The omicron coronavirus variant was already in the Netherlands a week before South Africa reported the new variant to the World Health Organization (WHO), according to a Dutch health agency.
The variant was recently identified in retests of samples that were taken on Nov. 19 and 23, the National Institute for Public Health and the Environment, or RIVM, announced on Tuesday.
Revelations about the variant’s existence in Europe before it was reported in Africa add a new twist to questions about where and how the variant originated — and whether travel bans on South Africa and its neighbors are an appropriate response to the variant.
South African President Cyril Ramaphosa says his country is being punished for detecting the variant and informing global health authorities about it.
“You do not try and contain a virus through imposing bans unscientifically and indiscriminately,” Ramaphosa said on Tuesday, adding that measures such as testing all travelers are the best tools for combating the pandemic.
South African officials raised the alarm about the heavily mutated variant, B.1.1.529, on Nov. 24. Two days later, the WHO classified it as a variant of concern and dubbed it omicron.
The global health agency says the variant poses a “very high” risk because its mutations could help it spread more easily — and possibly infect people who might otherwise be considered immune to previous variants.

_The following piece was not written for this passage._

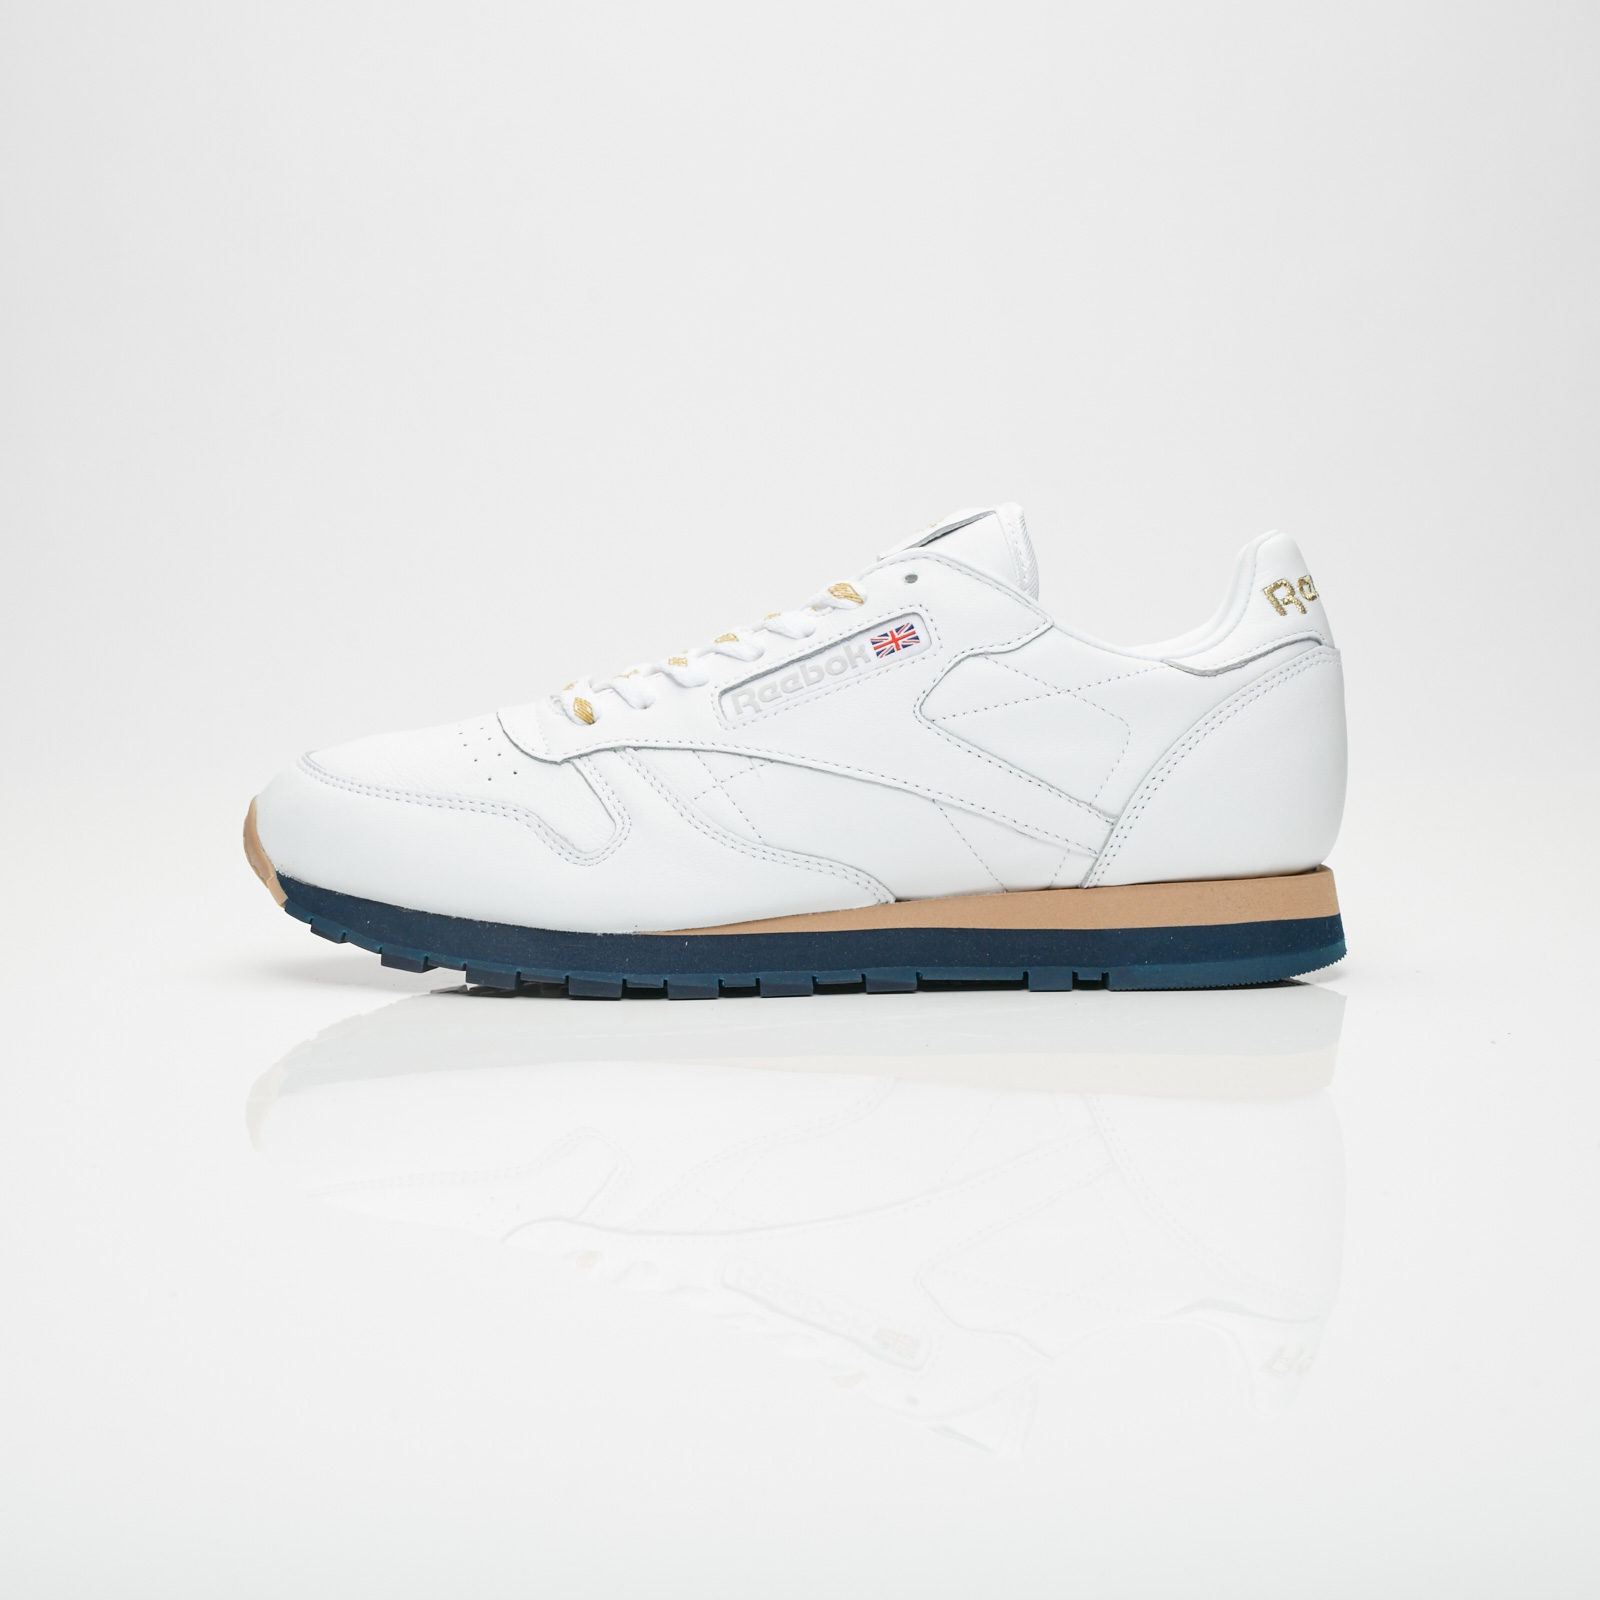 5bd6835e666e Reebok Cl Leather Beams - Cn2175 - Sneakersnstuff

Abnormalities prompted retest of old samples; links to southern Africa are unclear
The Netherlands had previously reported more than a dozen omicron COVID-19 cases, detected in tests at an Amsterdam airport on Nov. 26, when 624 people arrived in the country from South Africa.
Dutch authorities scrutinized the older samples after initial PCR tests found abnormalities in the coronavirus’ spike protein — the omicron variant has 26 to 32 mutations in that area alone, according to the WHO.
The samples were taken at a municipal public health service test site, the RIVM said, adding, “It is not yet clear whether these people had also visited southern Africa.”